GettingStarted - snoplusuk/echidna GitHub Wiki
Please note: For the best experience working through these and any further tutorials, it is recommended to use the relevant ipython notebook located in the echidna tutorials directory. This tutorial is based on getting_started.ipynb
. To run the tutorial you should first make sure you have both ipython
and ipython notebook
installed - or the newer jupyter
package which will install everything for you - either site-wide or just in your virtualenv:
(ENV) $ pip install ipython
(ENV) $ pip install jupyter # Newer format
should do this. If you used the requirements.txt
file to install echidna's dependencies, these should both be installed through SciPy. Now running the tutorial notebook is as easy as:
(ENV) $ ipython notebook getting_started.ipynb
(ENV) $ jupyter notebook getting_started.ipynb
which will start the server and open the notebook in your web browser. (Ctrl-C to close the server when you're done!).

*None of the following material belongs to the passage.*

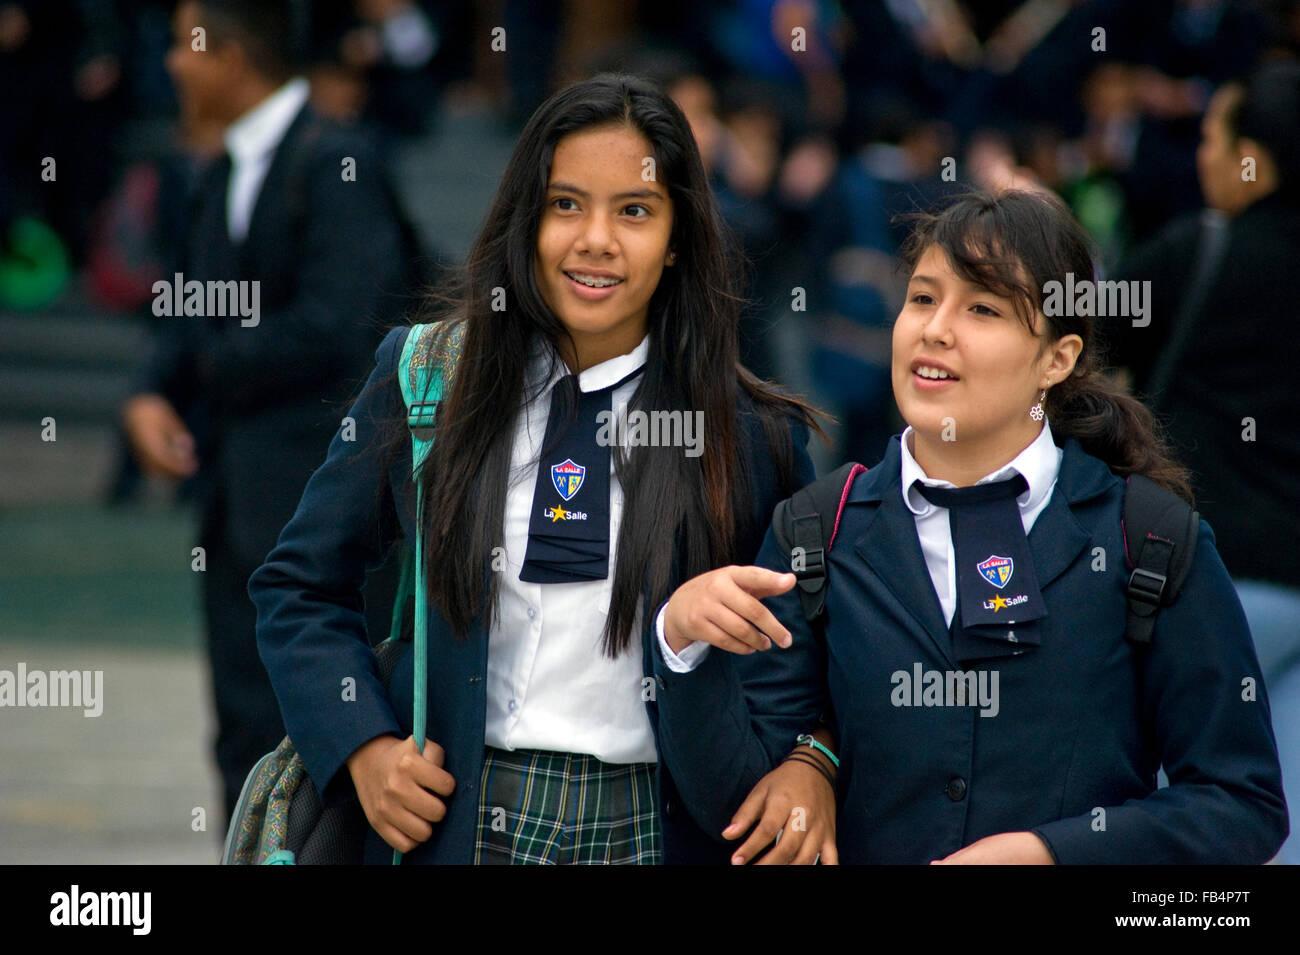 Guayaquil girls

Everything below this line is just a complete copy of the output of:
(EVN) $ jupyter nbconvert --to markdown --template getting_started getting_started.ipynb
First set up environment with convenience imports and inline plotting:
%pylab inline
pylab.rc("savefig", dpi=120) # set resolution of inline figures
The %pylab
magic imports matplotlib.pyplot
as plt
and numpy
as
np
. We'll also, change the working directory to echidna's base
directory, so that all the relative imports work.
%cd ../../..
%%bash
pwd
The %cd
inline-magic emmulates the bash cd
command, allowing us to
change directory and the %%bash
magic lets you run any bash command in
the cell but remaining in the notebook!
- To see the keyboard shortcuts at any time simply press the `Esc` key and then the `H` key
- The notebook has two basic modes: **Command** and **Edit**. Command mode is enabled by the `Esc` key and Edit by the `Enter` key.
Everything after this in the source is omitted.